WHAT THE TASK ASKS
Below are some records; output all of them exactly.

------------------------

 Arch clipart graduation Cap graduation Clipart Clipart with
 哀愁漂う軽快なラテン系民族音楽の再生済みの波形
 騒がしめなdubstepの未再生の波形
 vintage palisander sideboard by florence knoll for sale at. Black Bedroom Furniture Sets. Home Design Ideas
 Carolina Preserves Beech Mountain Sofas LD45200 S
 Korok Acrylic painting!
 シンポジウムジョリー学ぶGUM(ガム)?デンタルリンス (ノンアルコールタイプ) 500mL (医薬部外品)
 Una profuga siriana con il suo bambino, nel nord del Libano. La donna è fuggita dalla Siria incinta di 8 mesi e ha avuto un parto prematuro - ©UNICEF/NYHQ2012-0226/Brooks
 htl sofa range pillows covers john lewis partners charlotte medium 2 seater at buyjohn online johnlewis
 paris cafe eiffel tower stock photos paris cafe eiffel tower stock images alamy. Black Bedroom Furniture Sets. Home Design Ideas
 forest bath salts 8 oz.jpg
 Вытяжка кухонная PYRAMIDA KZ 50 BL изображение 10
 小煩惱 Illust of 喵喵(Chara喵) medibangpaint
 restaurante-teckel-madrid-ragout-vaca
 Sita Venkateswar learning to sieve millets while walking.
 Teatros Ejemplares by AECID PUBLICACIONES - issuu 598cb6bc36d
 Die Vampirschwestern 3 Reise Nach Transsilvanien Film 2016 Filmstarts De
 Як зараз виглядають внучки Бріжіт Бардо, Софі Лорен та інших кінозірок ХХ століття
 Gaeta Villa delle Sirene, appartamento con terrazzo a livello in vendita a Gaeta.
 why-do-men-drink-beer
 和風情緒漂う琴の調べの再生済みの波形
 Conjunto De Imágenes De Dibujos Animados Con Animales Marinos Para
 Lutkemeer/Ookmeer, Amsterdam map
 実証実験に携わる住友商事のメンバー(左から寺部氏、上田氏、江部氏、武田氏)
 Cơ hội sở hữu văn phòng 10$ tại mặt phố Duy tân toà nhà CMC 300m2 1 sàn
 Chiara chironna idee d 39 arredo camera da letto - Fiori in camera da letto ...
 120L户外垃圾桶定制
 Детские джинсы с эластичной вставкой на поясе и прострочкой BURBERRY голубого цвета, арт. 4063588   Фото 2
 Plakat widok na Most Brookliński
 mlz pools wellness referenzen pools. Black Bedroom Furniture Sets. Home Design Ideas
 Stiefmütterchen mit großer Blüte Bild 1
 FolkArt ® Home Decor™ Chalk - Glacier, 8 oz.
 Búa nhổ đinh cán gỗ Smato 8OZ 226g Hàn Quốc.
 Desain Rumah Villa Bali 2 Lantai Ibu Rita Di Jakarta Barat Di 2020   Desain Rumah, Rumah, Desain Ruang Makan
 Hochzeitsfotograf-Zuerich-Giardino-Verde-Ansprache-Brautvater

------------------------

TASK RESULT
 Arch clipart graduation Cap graduation Clipart Clipart with
 哀愁漂う軽快なラテン系民族音楽の再生済みの波形
 騒がしめなdubstepの未再生の波形
 vintage palisander sideboard by florence knoll for sale at. Black Bedroom Furniture Sets. Home Design Ideas
 Carolina Preserves Beech Mountain Sofas LD45200 S
 Korok Acrylic painting!
 シンポジウムジョリー学ぶGUM(ガム)?デンタルリンス (ノンアルコールタイプ) 500mL (医薬部外品)
 Una profuga siriana con il suo bambino, nel nord del Libano. La donna è fuggita dalla Siria incinta di 8 mesi e ha avuto un parto prematuro - ©UNICEF/NYHQ2012-0226/Brooks
 htl sofa range pillows covers john lewis partners charlotte medium 2 seater at buyjohn online johnlewis
 paris cafe eiffel tower stock photos paris cafe eiffel tower stock images alamy. Black Bedroom Furniture Sets. Home Design Ideas
 forest bath salts 8 oz.jpg
 Вытяжка кухонная PYRAMIDA KZ 50 BL изображение 10
 小煩惱 Illust of 喵喵(Chara喵) medibangpaint
 restaurante-teckel-madrid-ragout-vaca
 Sita Venkateswar learning to sieve millets while walking.
 Teatros Ejemplares by AECID PUBLICACIONES - issuu 598cb6bc36d
 Die Vampirschwestern 3 Reise Nach Transsilvanien Film 2016 Filmstarts De
 Як зараз виглядають внучки Бріжіт Бардо, Софі Лорен та інших кінозірок ХХ століття
 Gaeta Villa delle Sirene, appartamento con terrazzo a livello in vendita a Gaeta.
 why-do-men-drink-beer
 和風情緒漂う琴の調べの再生済みの波形
 Conjunto De Imágenes De Dibujos Animados Con Animales Marinos Para
 Lutkemeer/Ookmeer, Amsterdam map
 実証実験に携わる住友商事のメンバー(左から寺部氏、上田氏、江部氏、武田氏)
 Cơ hội sở hữu văn phòng 10$ tại mặt phố Duy tân toà nhà CMC 300m2 1 sàn
 Chiara chironna idee d 39 arredo camera da letto - Fiori in camera da letto ...
 120L户外垃圾桶定制
 Детские джинсы с эластичной вставкой на поясе и прострочкой BURBERRY голубого цвета, арт. 4063588   Фото 2
 Plakat widok na Most Brookliński
 mlz pools wellness referenzen pools. Black Bedroom Furniture Sets. Home Design Ideas
 Stiefmütterchen mit großer Blüte Bild 1
 FolkArt ® Home Decor™ Chalk - Glacier, 8 oz.
 Búa nhổ đinh cán gỗ Smato 8OZ 226g Hàn Quốc.
 Desain Rumah Villa Bali 2 Lantai Ibu Rita Di Jakarta Barat Di 2020   Desain Rumah, Rumah, Desain Ruang Makan
 Hochzeitsfotograf-Zuerich-Giardino-Verde-Ansprache-Brautvater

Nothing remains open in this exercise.